I think most of us thought it was the easiest part of that year.
I think recursion as an implementation is easy; recursion as a concept is hard to understand if you are just starting to learn. I think part of it is getting your mind to accept the notion that a thing can know of itself before itself has been fully defined.
Recursion is different. Almost in exactly the same way that geometric proofs are different.
As such, it requires different ways of teaching.
I have used "The Little Schemer" (even back when it was called "The Little Lisper") to teach lots of "non-programmers" (I hate that description) how to do recursion.
I don't think telling people who find a subject difficult that it is easy is very convincing.

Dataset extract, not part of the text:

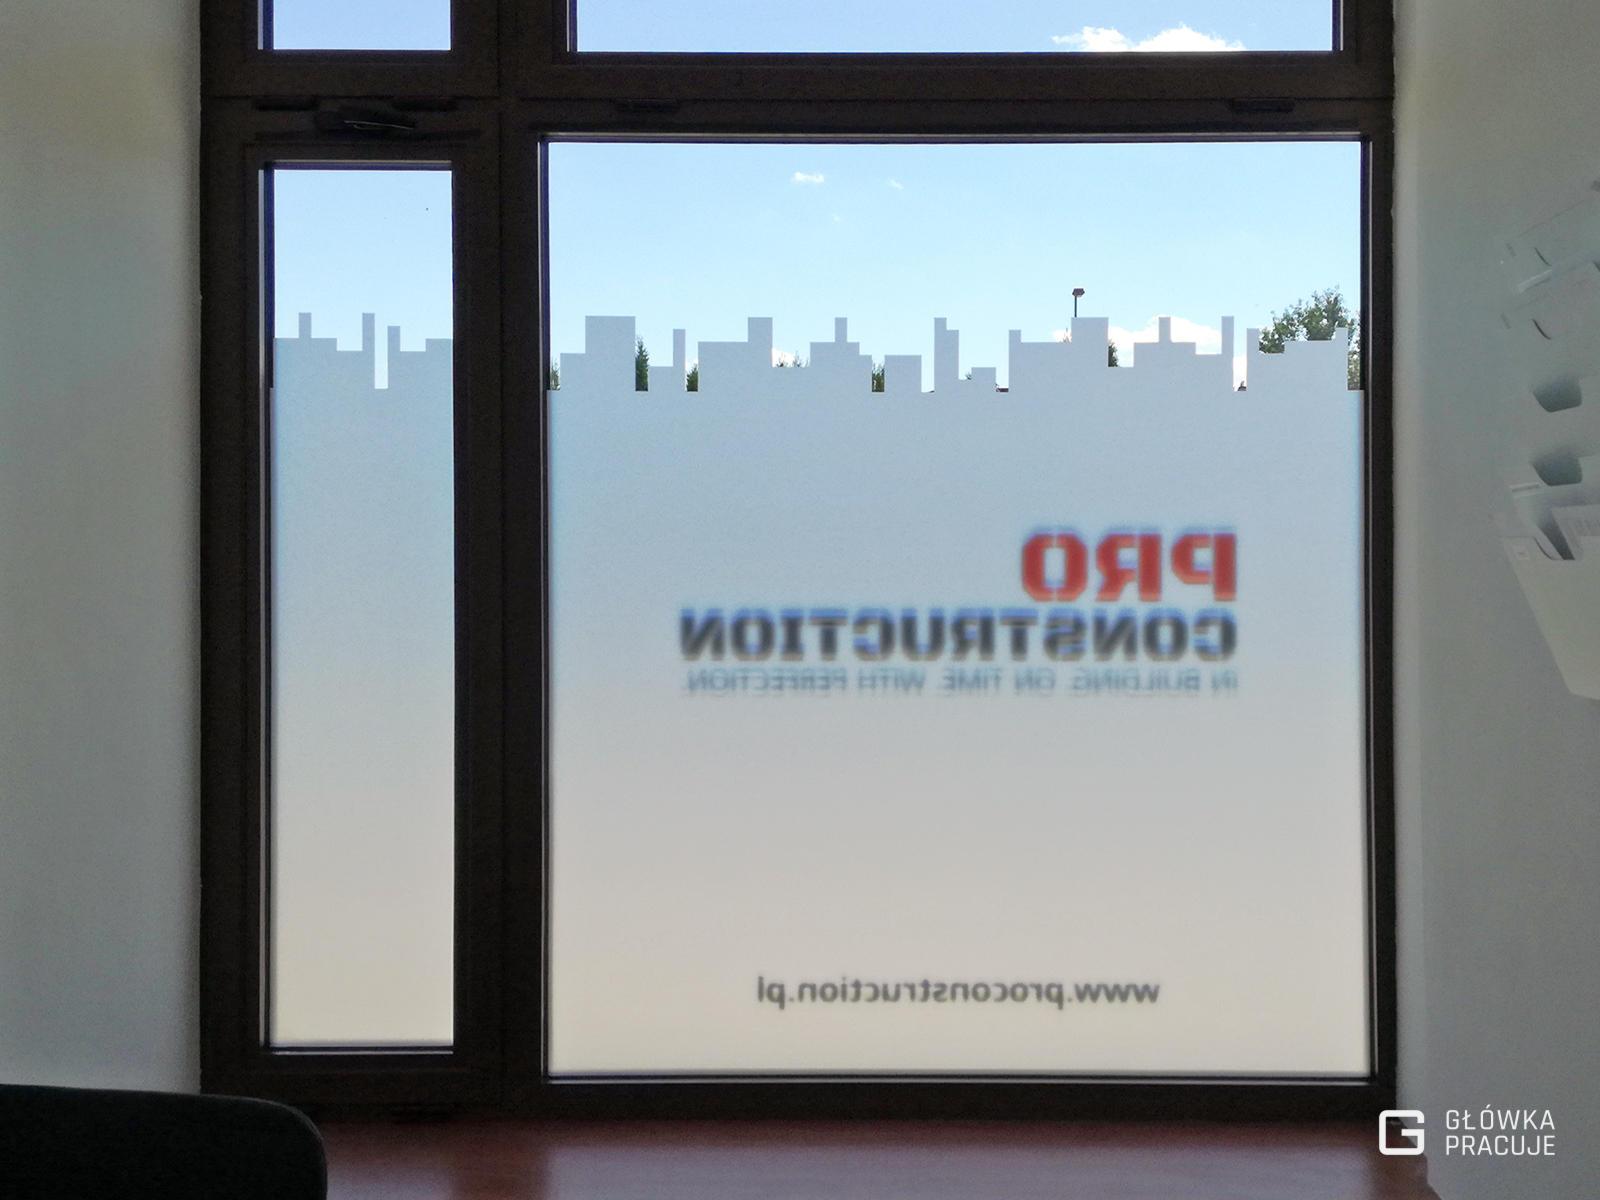 Główka pracuje pl Pro Construction folia okienna matowa na witrynie i kolorowy logotyp widok od wewnątrz Warszawa

Recursion seems fairly straightforward to me if you think about it in terms of how it's typically implemented (the stack and jumps), but that's not quite the mathematical way of thinking about it, I suppose.
Switching to using Erlang full time, closures and functional aspects (returning a function from a function) and recursion was a lot harder for me to grasp than the isolated processes and message passing.
It took a few months to get my head around it, but once you do, it becomes so obviously simple and easy that you start thinking in it directly. All of the sudden having to write "for(i=0;....)" seems eeky and cumbersome when going back to a language which doesn't handle recursion as well (where it will blow the stack for example).
> It took a few months to get my head around it, but once you do, it becomes so obviously simple and easy that you start thinking in it directly
This is exactly where functional programming shines, in my opinion. It gives you the ability to write your program logic directly, rather than use mechanical constructs (e.g. for loops with indexes) that behave as some logical construct.
The “for(i=0;...)” construct is something I’d give to a machine for the purpose of execution, whereas the logical description is how I’d explain it to a human — and the former can be deduced from the latter.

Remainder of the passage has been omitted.